From 1st July the Council of Mortgage Lenders is integrated into a new trade association, UK Finance. For the time being, all UKF mortgage information will continue to be published on this website, and UKF member-only mortgage information will only be available here.

UK Finance represents around 300 firms in the UK providing credit, banking, markets and payment-related services. The new organisation takes on most of the activities previously carried out by the Asset Based Finance Association, the British Bankers’ Association, the Council of Mortgage Lenders, Financial Fraud Action UK, Payments UK and the UK Cards Association. Please go to www.ukfinance.org.uk for wider content and updates from UK Finance.

Last updated: 5 April 2016

At a glance

  • All lenders require borrowers to have suitable buildings insurance with flood cover as a condition of their mortgage. The availability and cost of flood cover can be a concern, particularly in high flood risk areas.
  • Flood insurance costs can affect mortgage affordability and the amount a lender might lend. Properties could become un-mortgageable if the cost of insurance became prohibitive. 
  • Until recently, a temporary voluntary agreement between government and the insurance industry ensured the continuing availability of affordable flood cover.
  • As this arrangement has now expired, government and insurers have implemented the Flood Reinsurance Scheme, called Flood Re, to protect eligible households in high flood risk areas. The scheme became operational on 4 April 2016.
  • When the scheme was being developed, CML responded to government consultations from the Department for the Environment and Rural Affairs (DEFRA) on the scope of the scheme, and on the associated draft regulations.
  • The CML supports the introduction of the scheme, but would like it to be open to more households and types of insurance policy. 
  • On 13 November 2015, Flood Re was 'designated' as the Scheme Administrator by Ministers and became a publicly accountable body with statutory objectives and powers. Regulations to implement the Flood Re scheme were debated in the House of Commons on 15 September 2015 and then were passed through the House of Lords on 27 October 2015.
  • Flood Re had submitted a comprehensive application for authorisation to the financial regulators. This application for regulatory authorisation was approved during the week prior to the scheme being launched.
  •  If you are affected by flooding, government information can help you prepare. Call Floodline on 0345 988 1188 if you need help during a flood.  

CML position

We support the introduction of the Flood Re scheme, to ensure that buildings insurance with flood cover continues to be available and affordable for homes at a high risk of flooding.
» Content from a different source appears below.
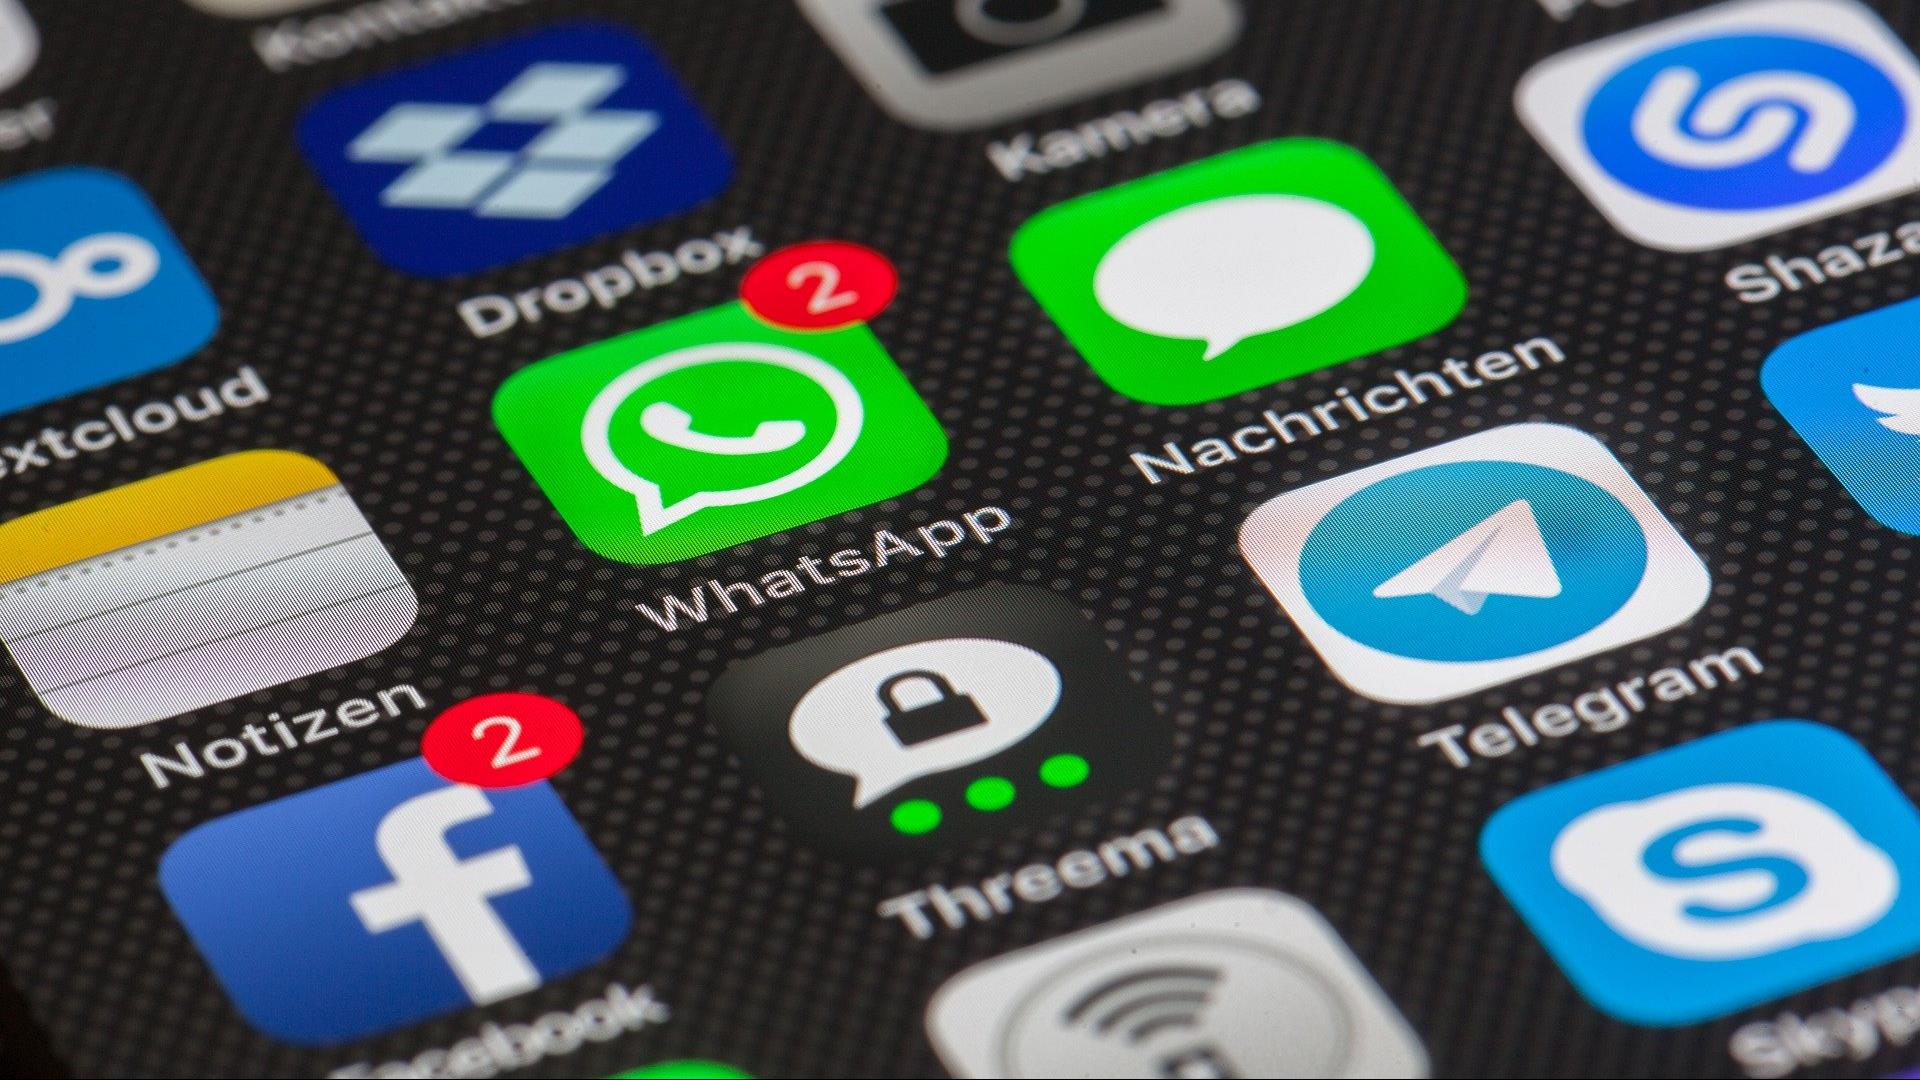 WhatsApp can exclude those who do not share their data with it

We would like the scheme to be more inclusive and provide protection for a wider range of households – including more of those which are commercially insured in the leasehold sector, as well as homes in the private rented sector, which are subject to buy-to-let finance.

We would like greater clarity about how the scheme will ensure that premiums and excesses remain affordable, and that transition to risk-reflective pricing is achieved gradually over the scheme’s life.
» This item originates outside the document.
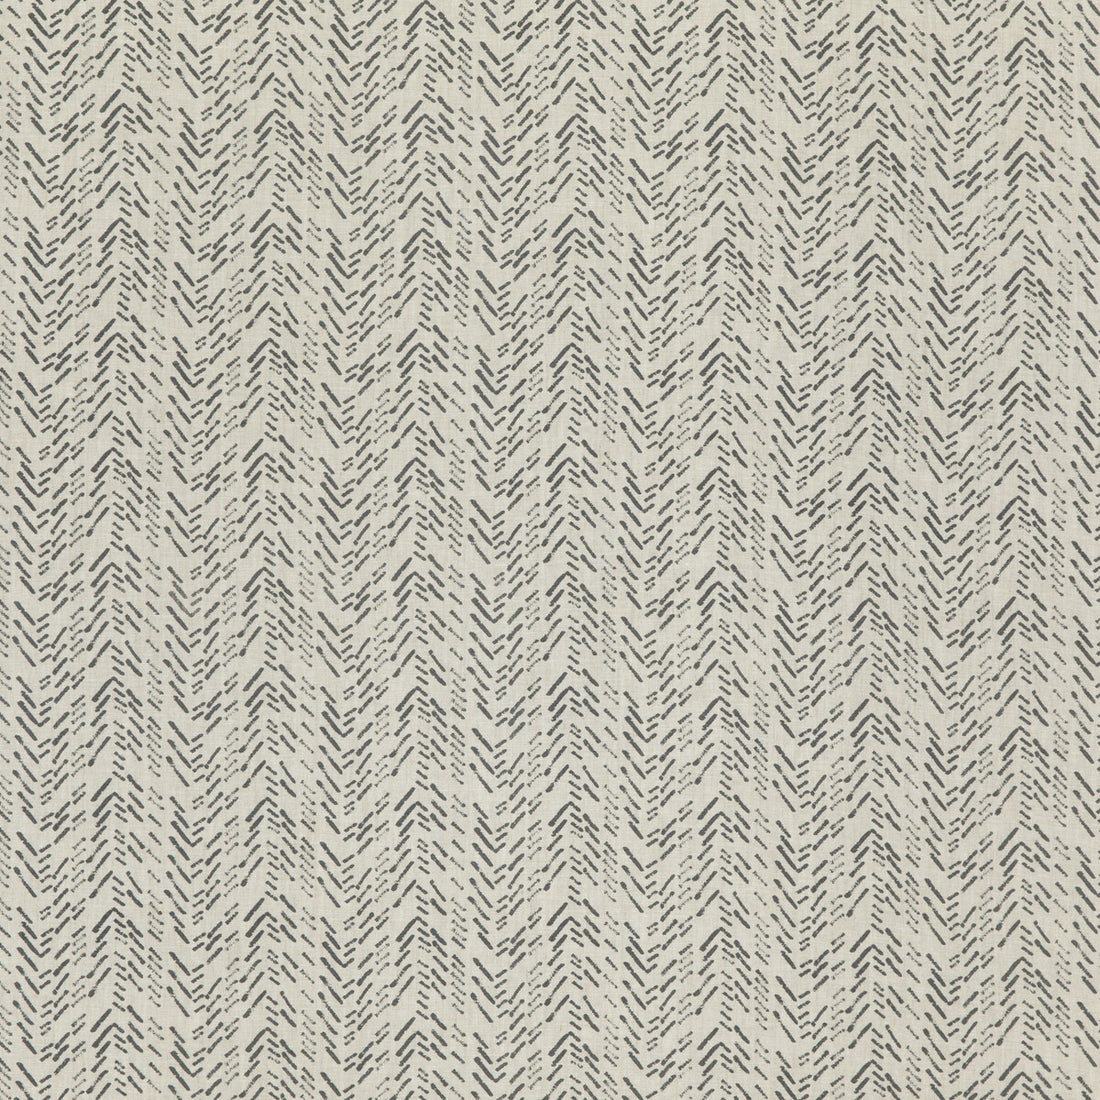 Izora fabric in charcoal color - pattern ED75035.3.0 - by Threads in the Moro collection

We would like there to be opportunities for key stakeholders including the CML and lenders to be engaged in the development of important aspects of how Flood Re will work in practice – including development of the scheme’s statutory plan to manage and deliver the move to risk-reflective pricing, and arrangements to monitor how effectively the scheme ensures premiums and excesses remain affordable during transition. 

Why this is important for lenders

All lenders require borrowers to have suitable buildings insurance with flood cover, as a condition of their mortgage. The scheme is important because it will ensure borrowers in high flood risk areas can obtain and afford the flood insurance they need.
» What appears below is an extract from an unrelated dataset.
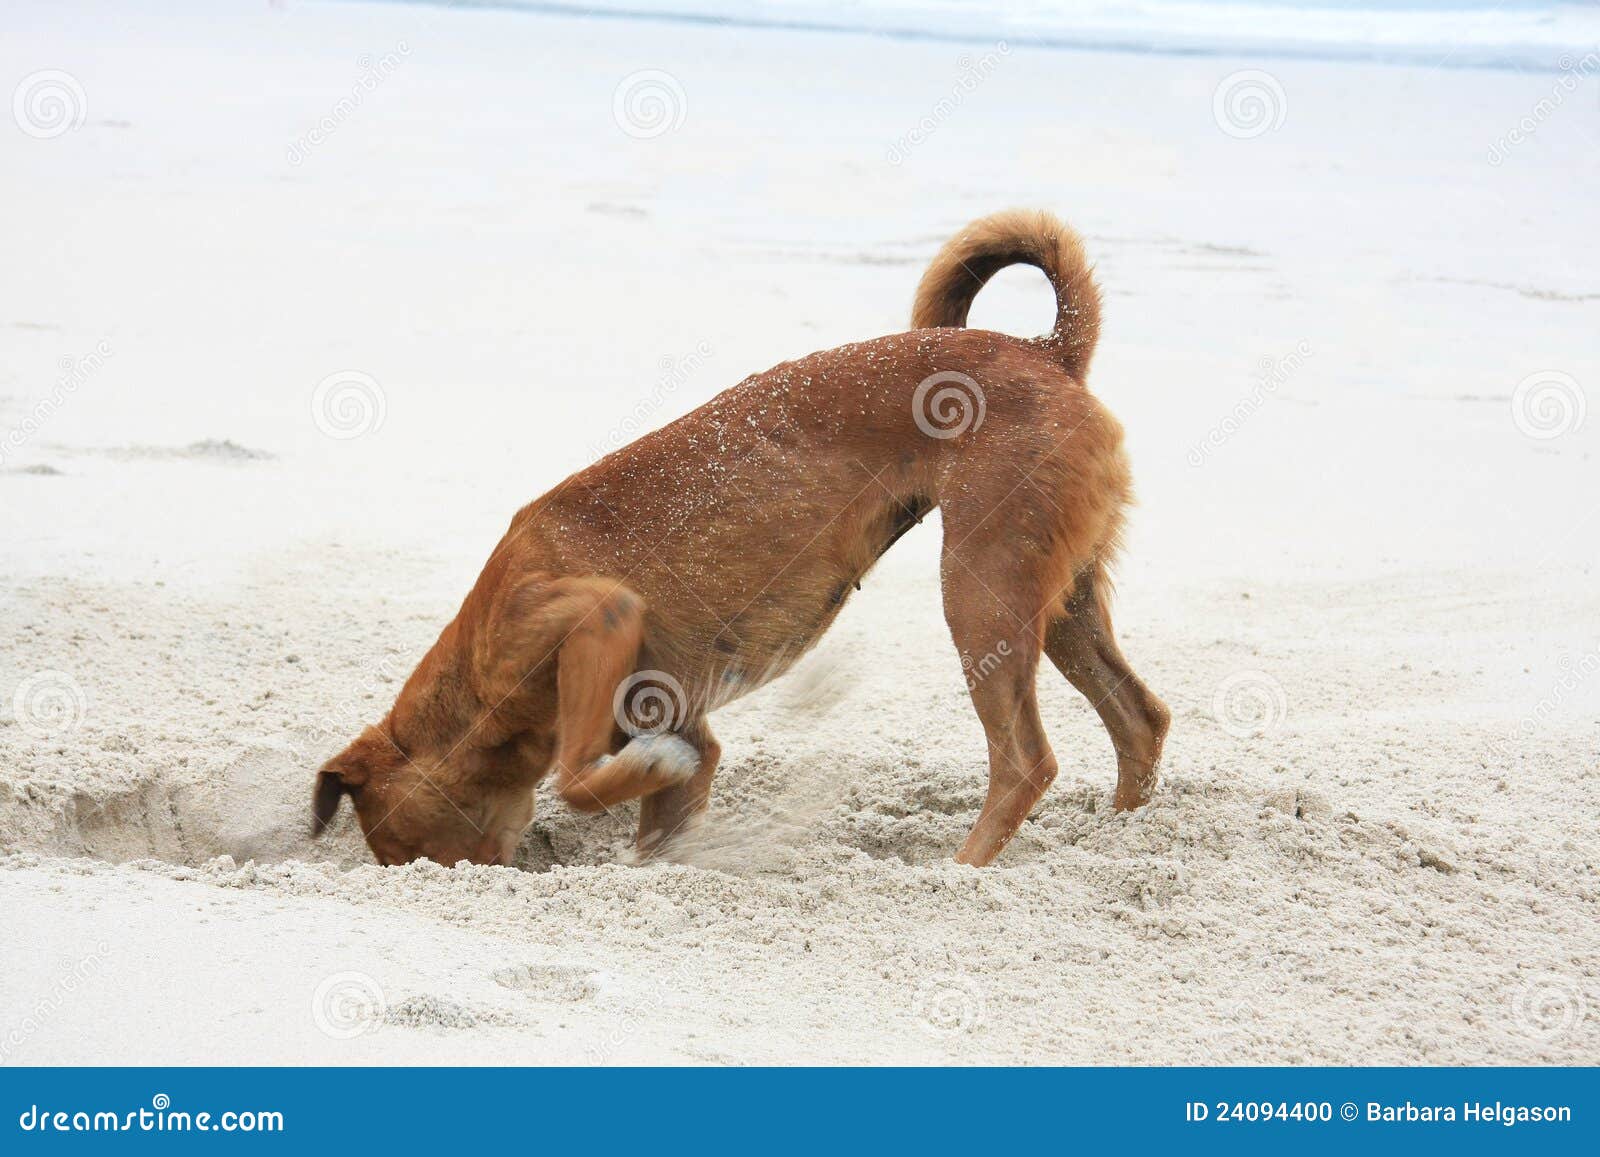 free clipart dog digging - photo #36

Without the scheme, there would be implications for existing and new lending if borrowers were unable to obtain or afford buildings insurance with flood cover.

For existing customers:

  • Customers might allow their insurance cover to lapse
  • Customers might breach the terms of their mortgage to insure the property at all times
  • Lenders might not be aware that cover is not in place, or is insufficient
  • Costly repairs for uninsured damage might mean customers default or enter mortgage arrears
  • There could be increased risk for lenders if they have to repossess a flood-damaged property
  • There could be additional costs for lenders in checking that customers are suitably insured.
  • Regulators might want lenders to hold more capital cover for uninsured mortgaged properties

For new customers:

  • Insurance premium costs have to be factored-in to assessing mortgage affordability. 
  • New customers might find that high insurance costs, in terms of premiums and/ or excesses could affect the amount they can afford to borrow and the LTV a lender is prepared to offer.

Ultimately, a lack of affordable flood insurance might mean that some properties could become un-mortgageable and sellable only to cash buyers who might look to pay a reduced price.